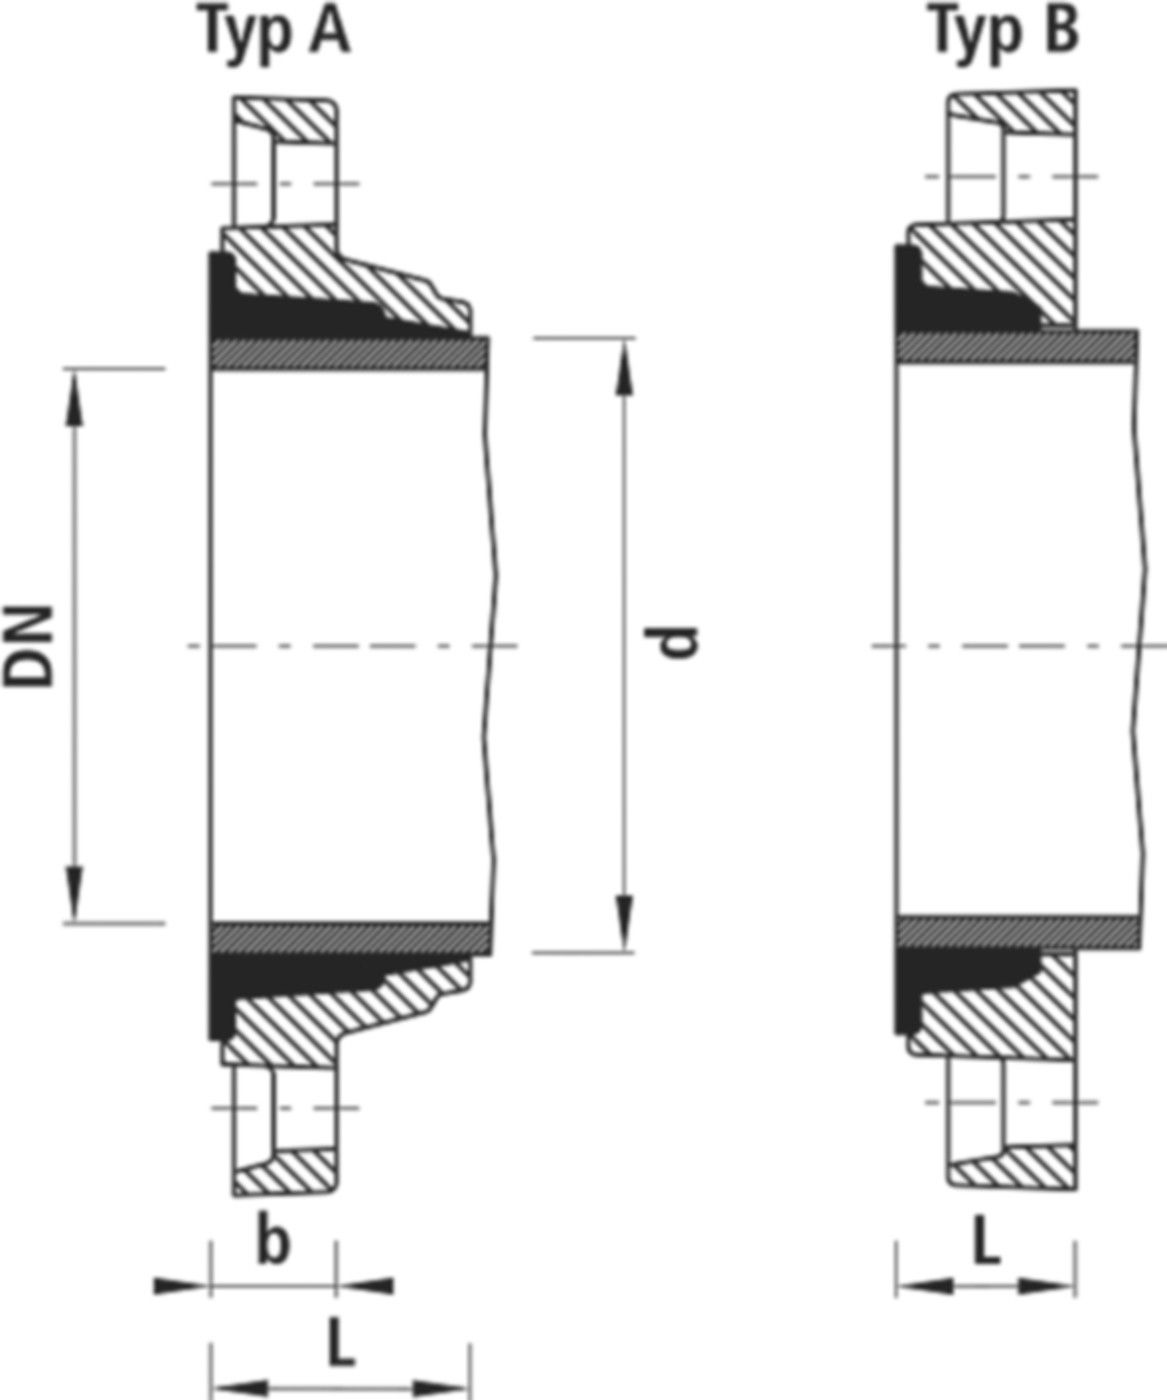 Zweikammer-Flansch für Stahlrohre 7130 PN 10 DN 200 / AD 219mm - Hawle Flanschformstücke
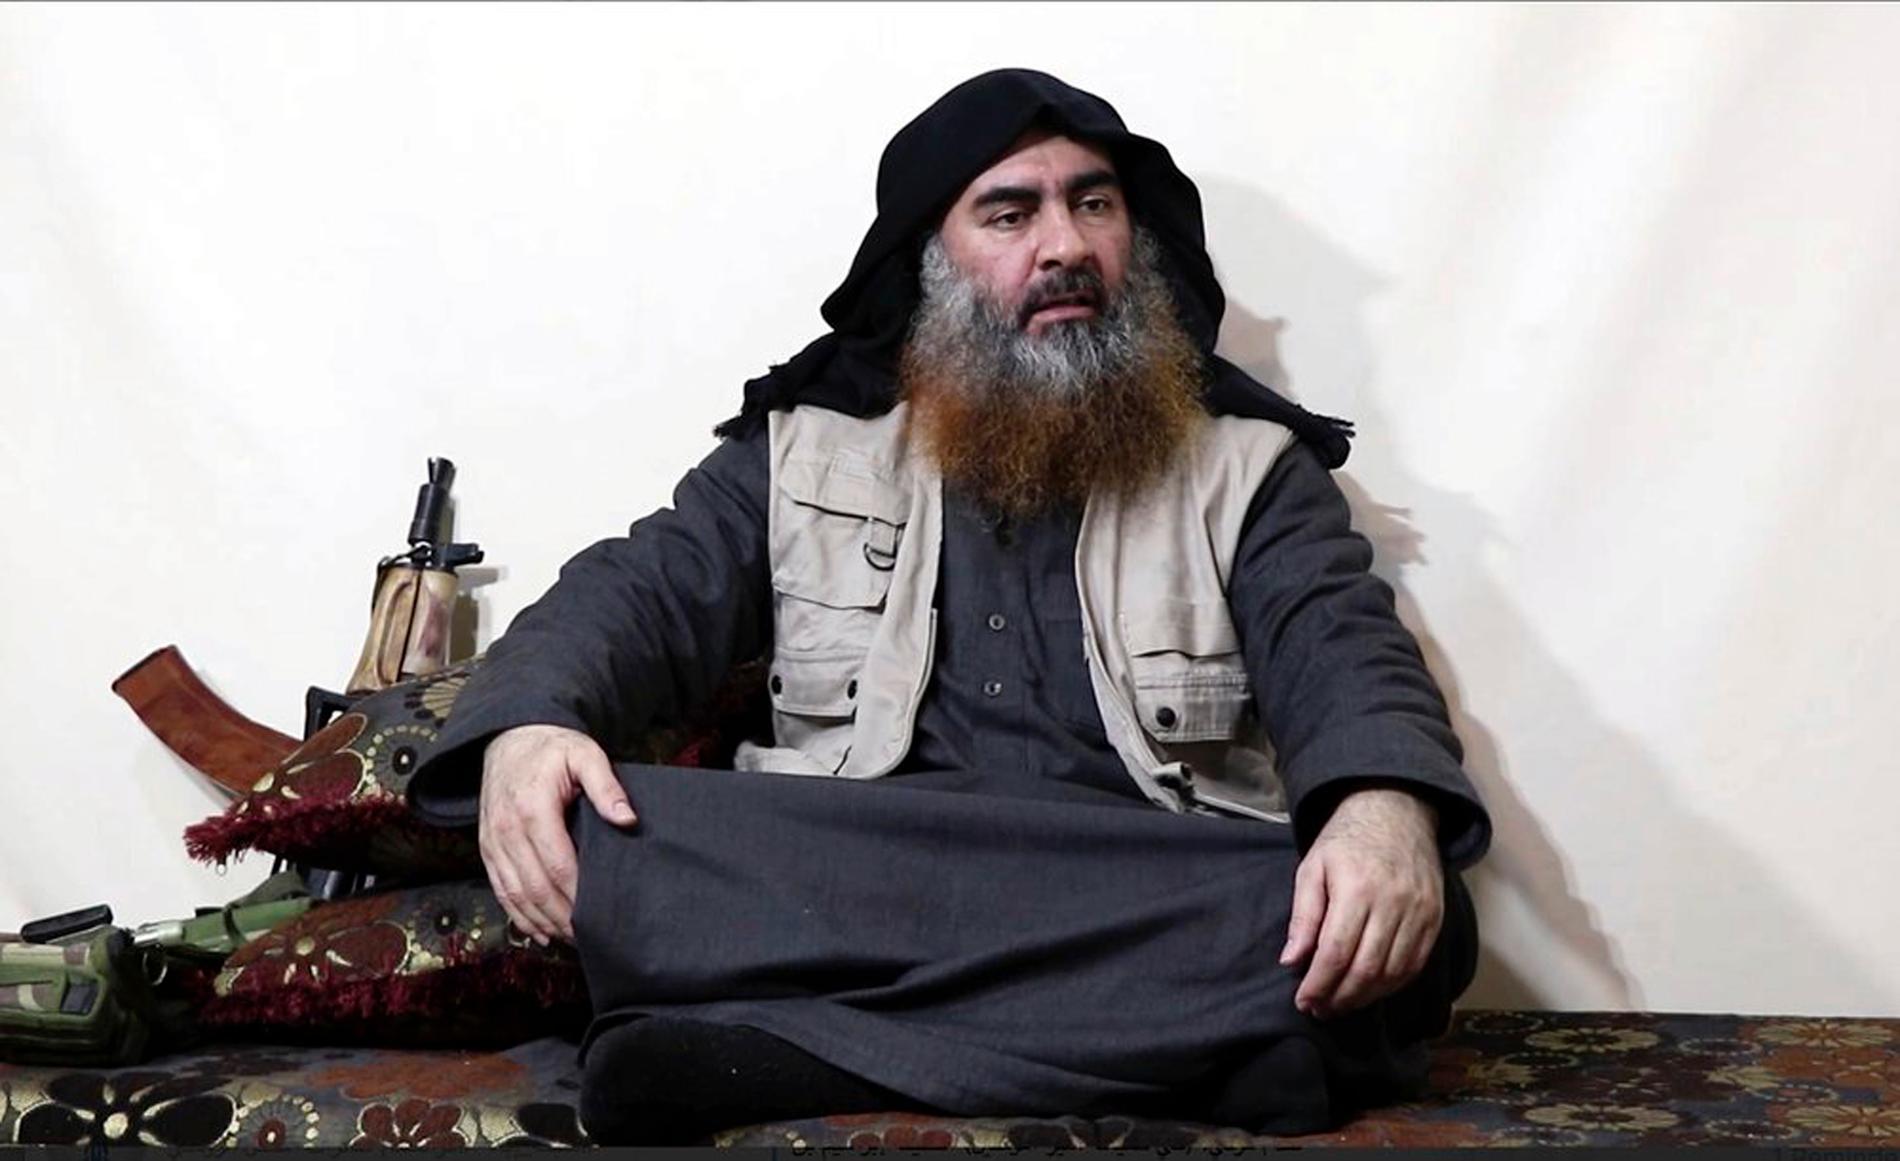 IS ledare Abu Bakr al-Baghdadi uppges vara död. Här en av de få bilder som finns på honom, ur en video från tidigare i år.
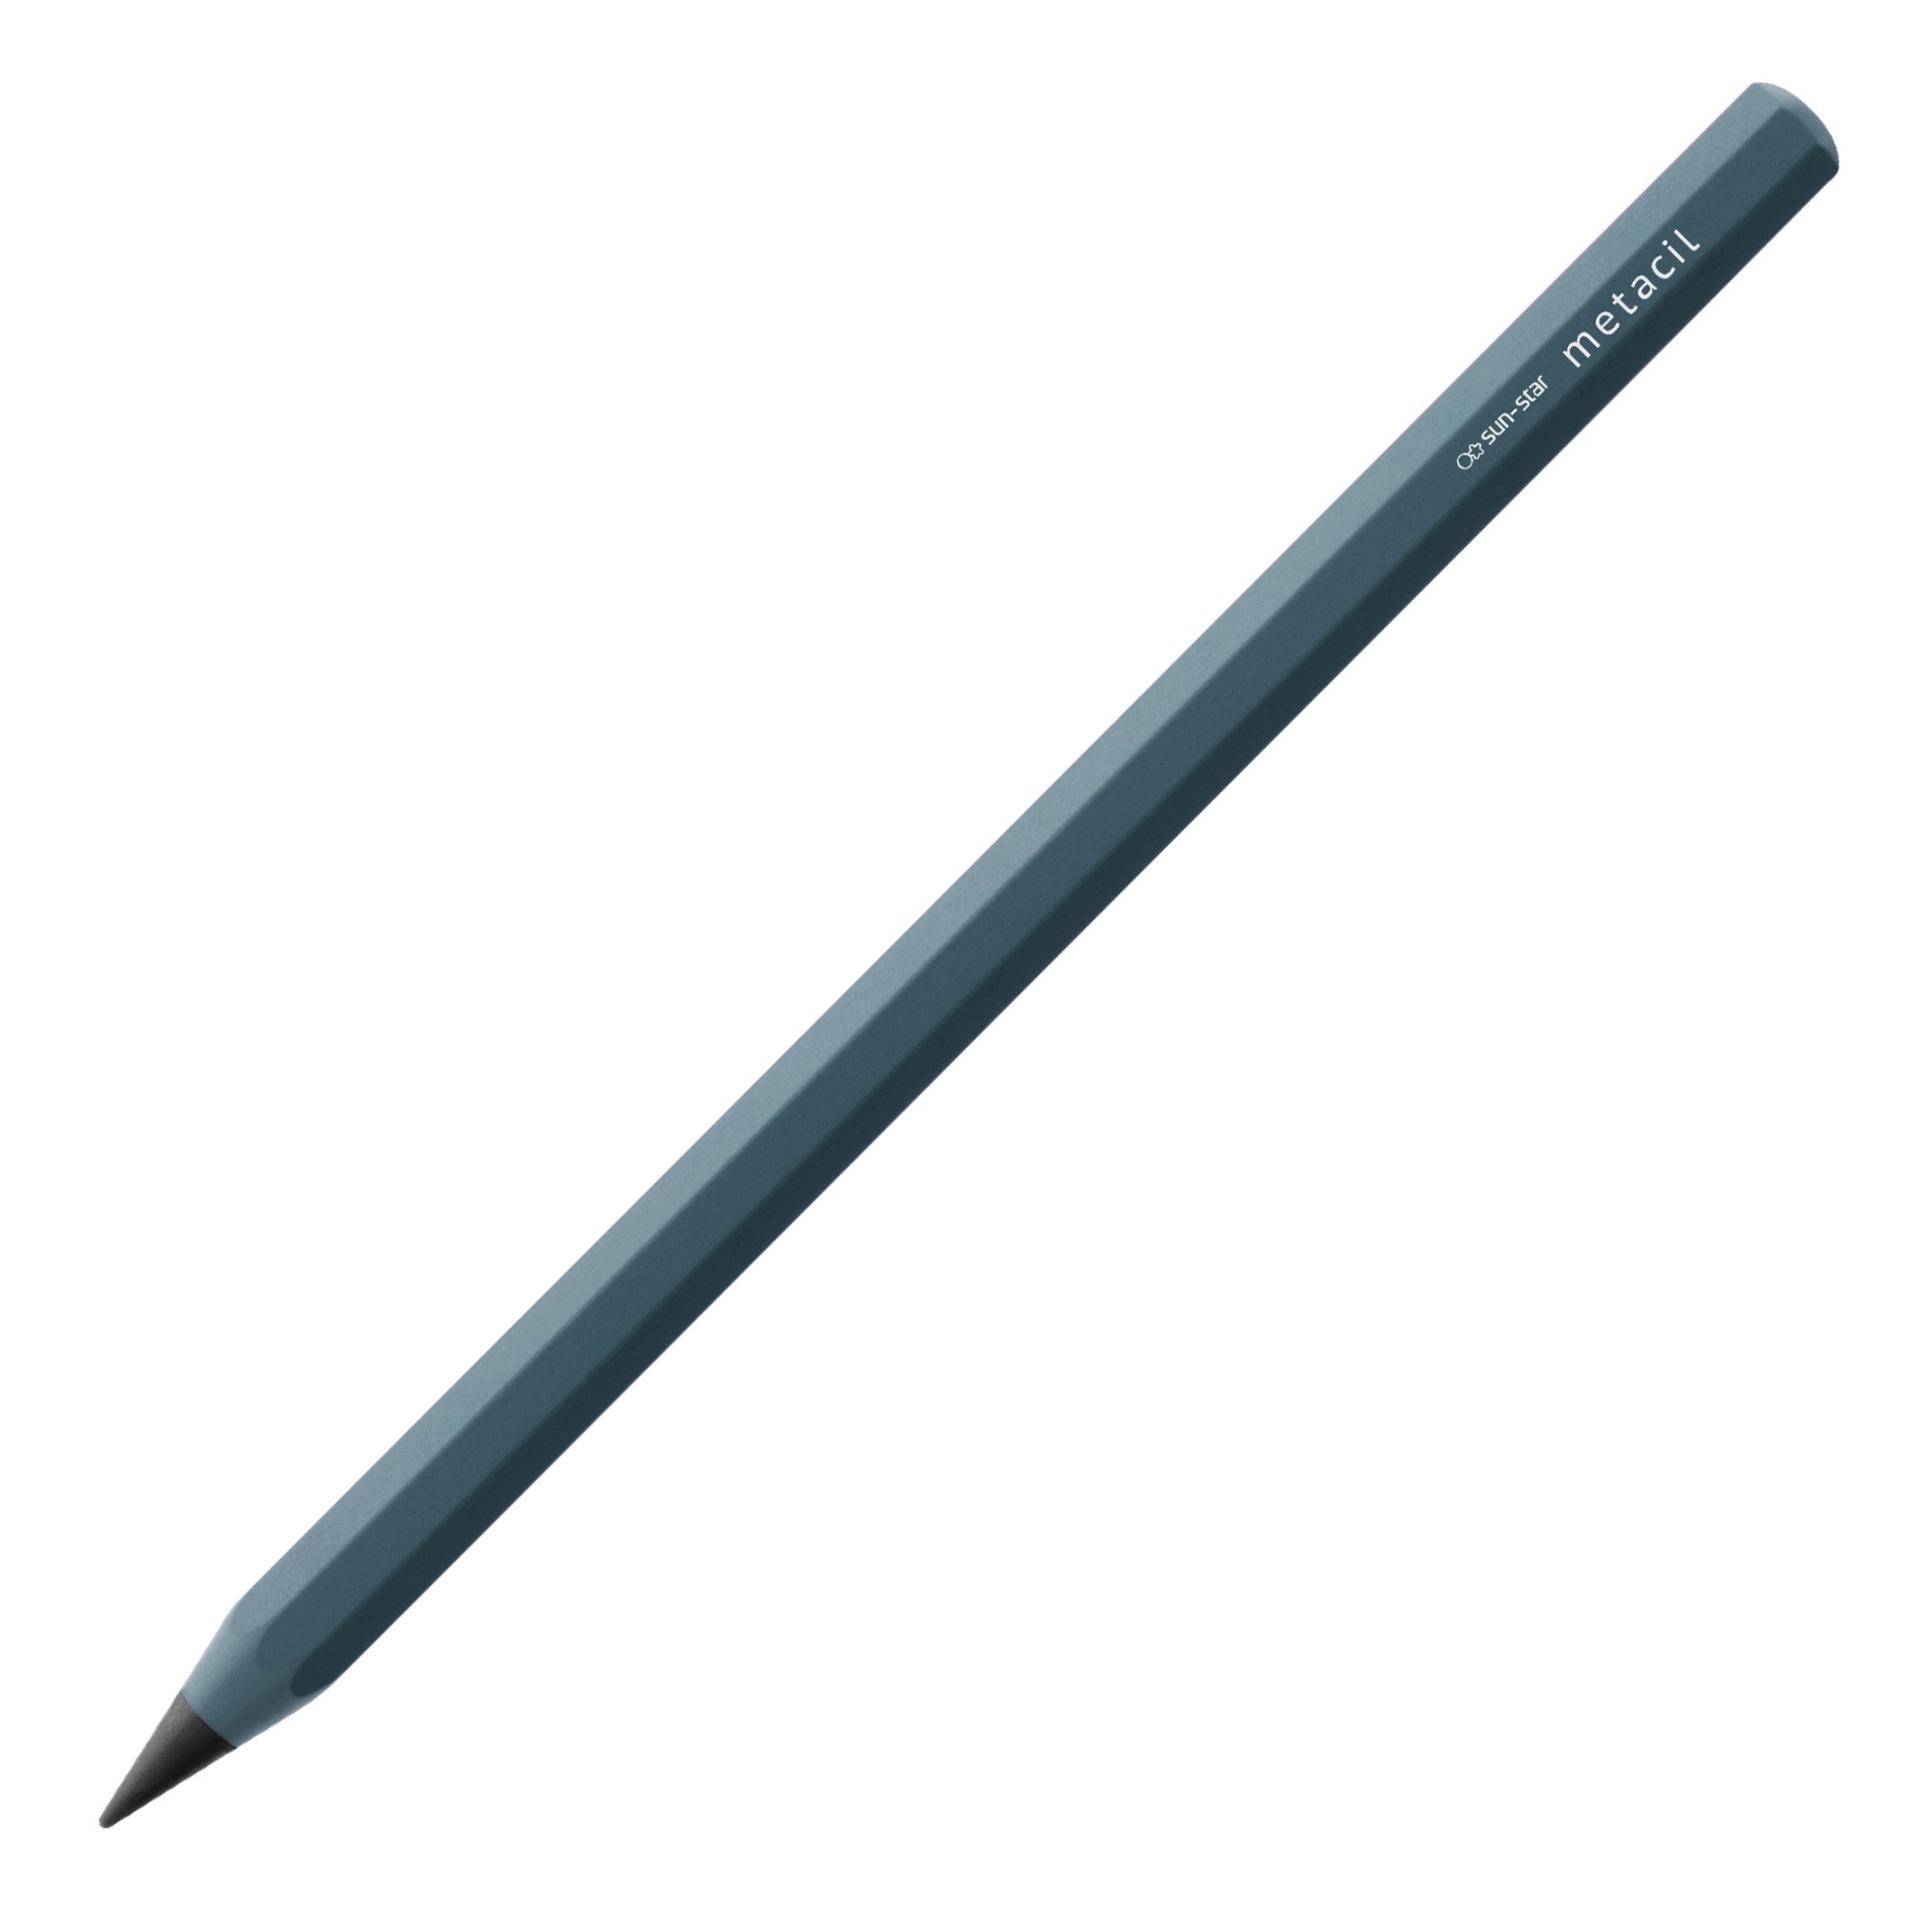  SUN-STAR Stationery S4482662 Metal Pencil, Metacil

--------

Pass over the images and copy the rest of the material above exactly.

● **Result for this task**
 Zweikammer-Flansch für Stahlrohre 7130 PN 10 DN 200 / AD 219mm - Hawle Flanschformstücke
 IS ledare Abu Bakr al-Baghdadi uppges vara död. Här en av de få bilder som finns på honom, ur en video från tidigare i år.
  SUN-STAR Stationery S4482662 Metal Pencil, Metacil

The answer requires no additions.